I took a position as an RN in a weight loss clinic at a very prestigious hospital. I thought with my life experience, I could help others lose weight. I didn’t fit in at first. I was given the job to run the clinic and soon my pride and ego were being served quite handsomely. Then something very disturbing started to happen. I began to gain weight. This was traumatic; the weight management nurse is gaining weight! Panic and fear began to strike. I reacted by buying bigger scrubs so no one would notice. In 2.5 years, I gained 20 pounds and had no idea how I would shed them.
I got the call regarding Be Totally Free! from a woman who wanted to let me know there was a program for patients’ who were helpless/hopeless. I encountered them daily. I agreed to have Tricia come and talk to us. I will forever be grateful for that call. The moment I met Tricia, I knew she was there for me. Yet I was so afraid…I’m the nurse, I take care of folks, I know it all, I can’t admit that I’m hopeless……but wait, I am.
I remember meeting Roy and knowing somehow my prayers were being answered. Somehow, in all of my confused messed up thoughts and prayers, I had sent out a few good ones and it was time for the dream and hope to manifest. After my first meeting, I lost the need to fight with food and alcohol. There was another outlet and it was clearly Roy’s love and wisdom. The weight began to drop, the urge for the glass of Merlot faded, and the love began to sprout in its place. It was so comforting and peaceful when I began to work with Roy. When I would give him a hug, I would feel a heart to heart connection. I could visualize love from his heart to mine and vice versa. I still do. Once I recognized this pure love, man oh man, that fear reared its ugly head in full force. I always wanted to be loved unconditionally, but when I actually received this gift, I wanted to run! However, this time, I knew it was fear and that to turn away would surely mean a life of unhappiness. I was fortunate enough to have had enough heartache and misery in my life to know, this was a blessed opportunity. I have had many days when I’d feel like I’d rather hold onto a hundred stinging bees instead of letting the pain go and letting in the love. I had created a life filled with conflama (short for confusion and drama) in order to run away from the person and thing I feared the most in all life…me and GOD.

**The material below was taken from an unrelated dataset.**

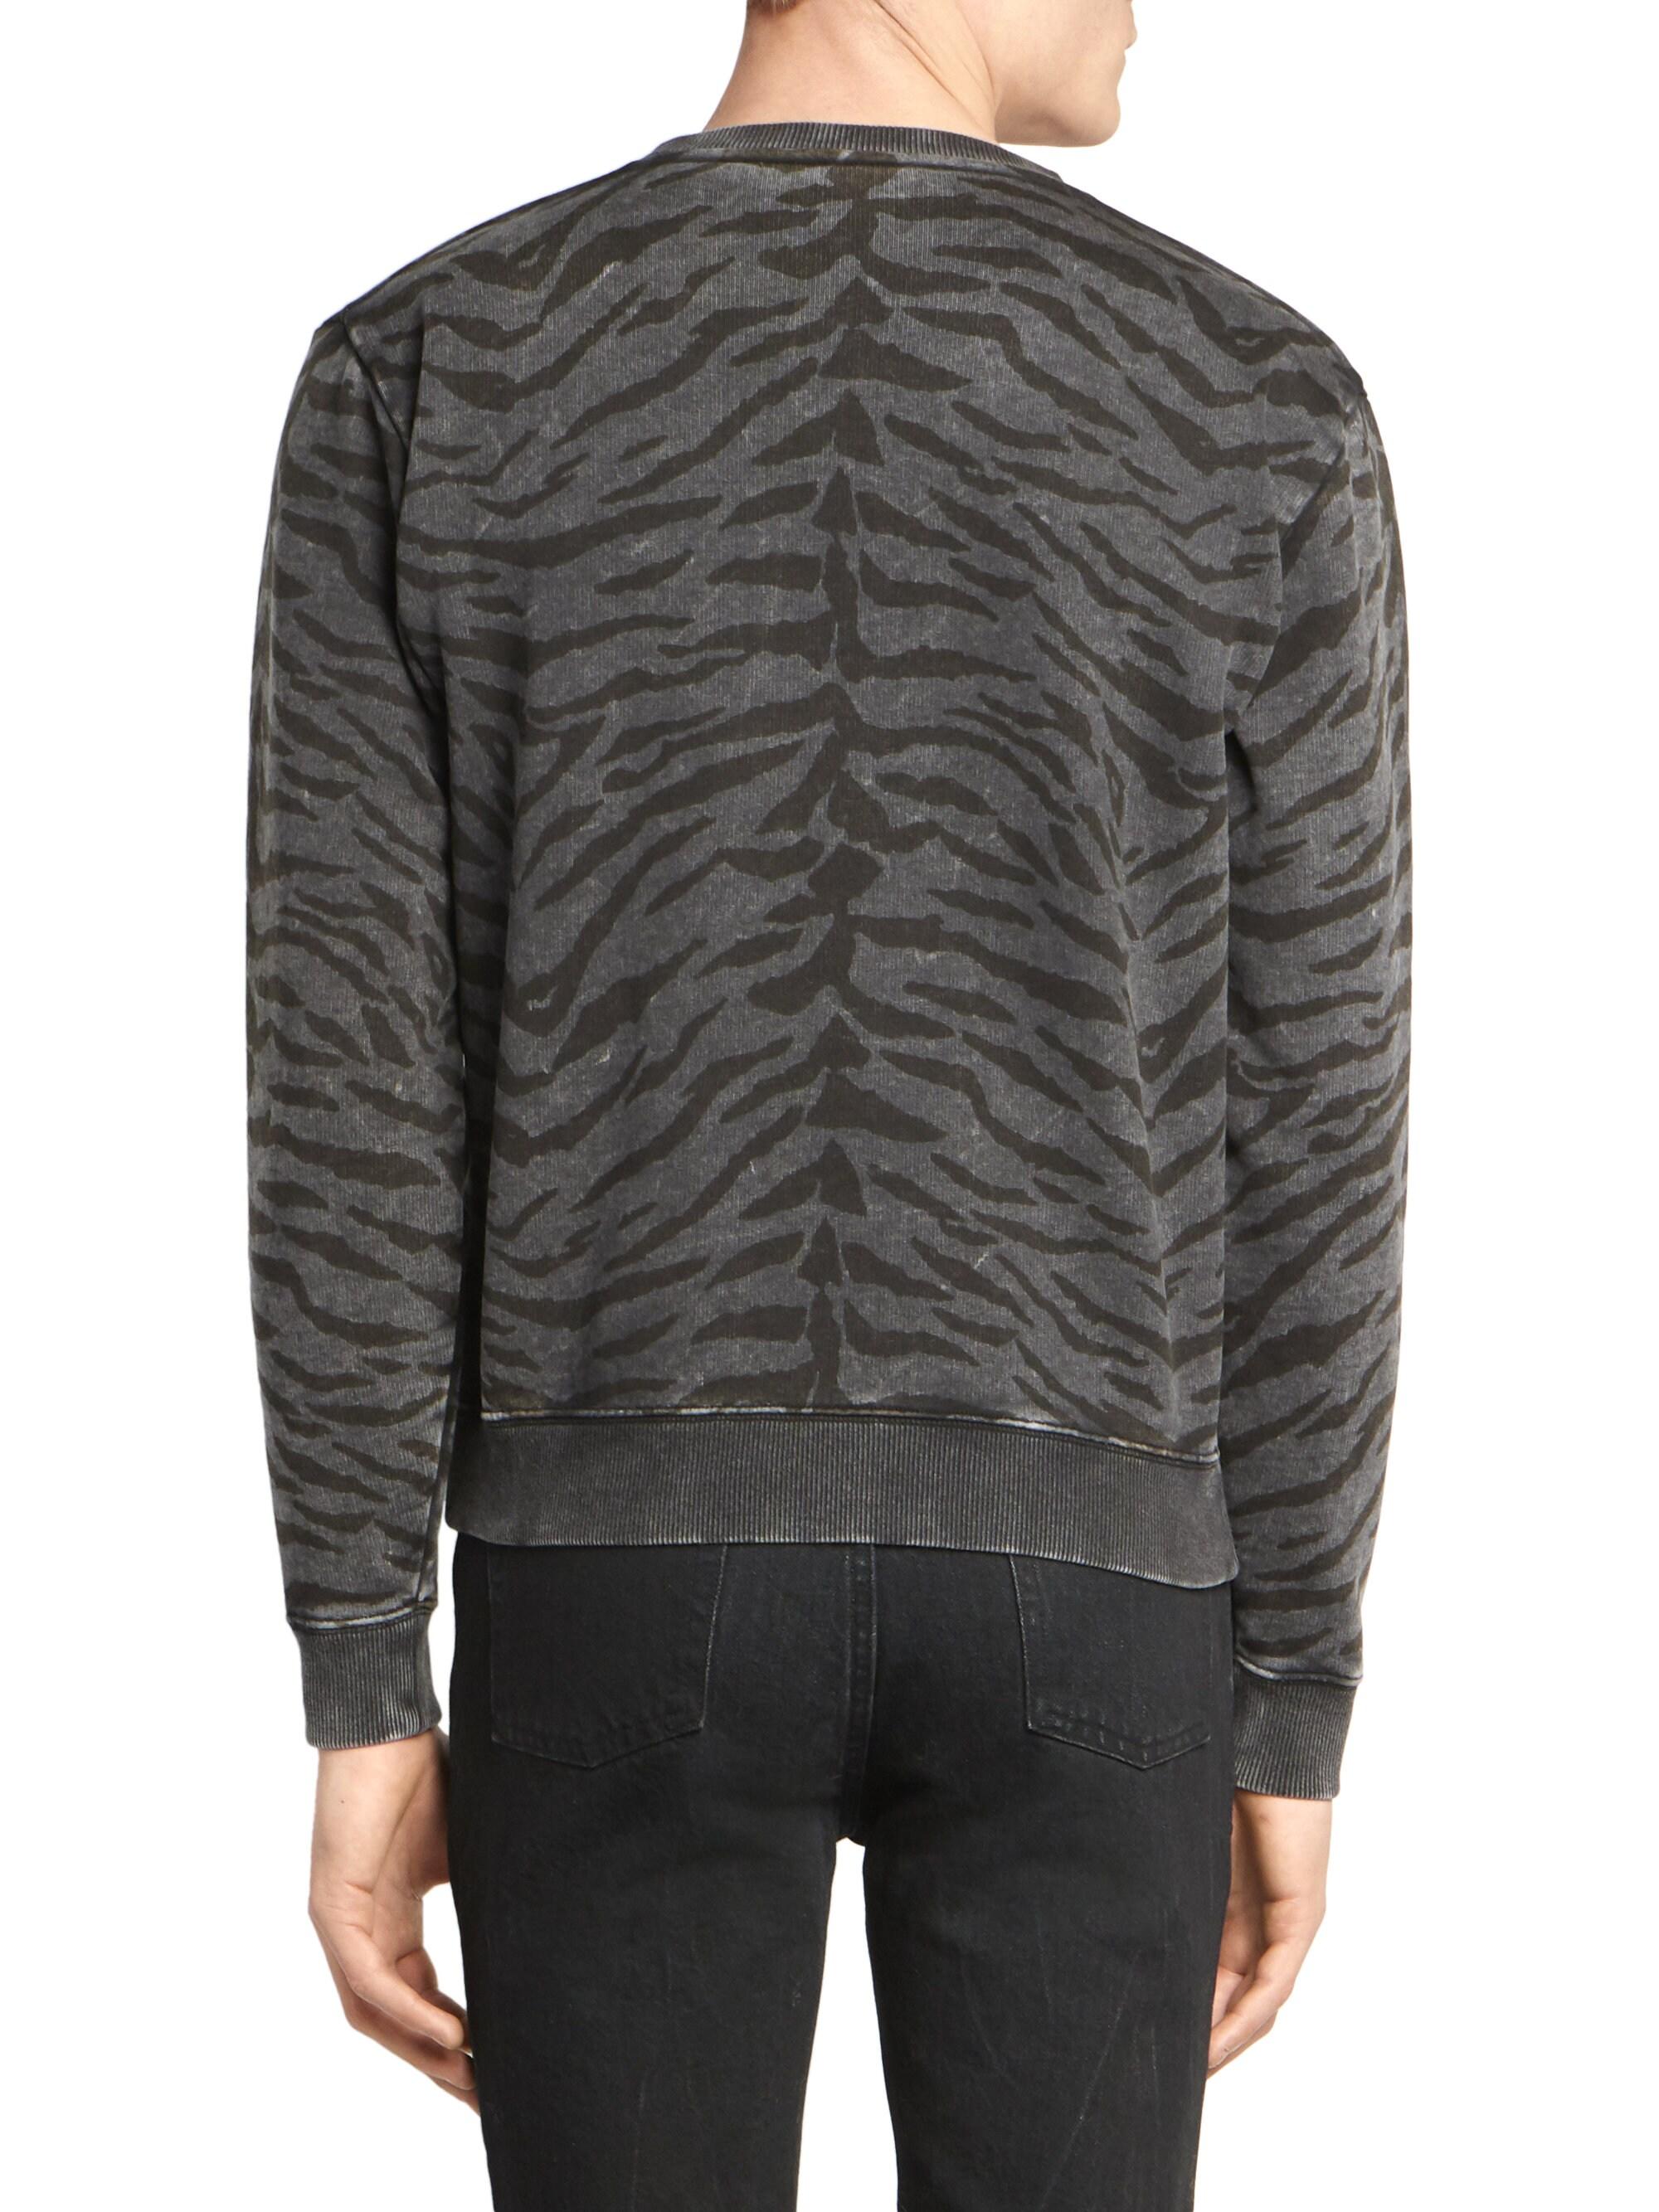 Saint Laurent Zebra Print Sweater in Black for Men - Lyst

With Roy’s help, I’ve come to understand what I can have in life. I know I have feelings that hurt but will not kill me, but food/alcohol will. I can now have a career that brings me joy. I can have an abundance of health and wealth. I have the ability to make healthy choices. I can Be Totally Free!
If you are reading this, you do not have to convince yourself that you aren’t as bad as me or that you are worse. What you can do is convince yourself you are worth the love it will take to be like me and become totally free.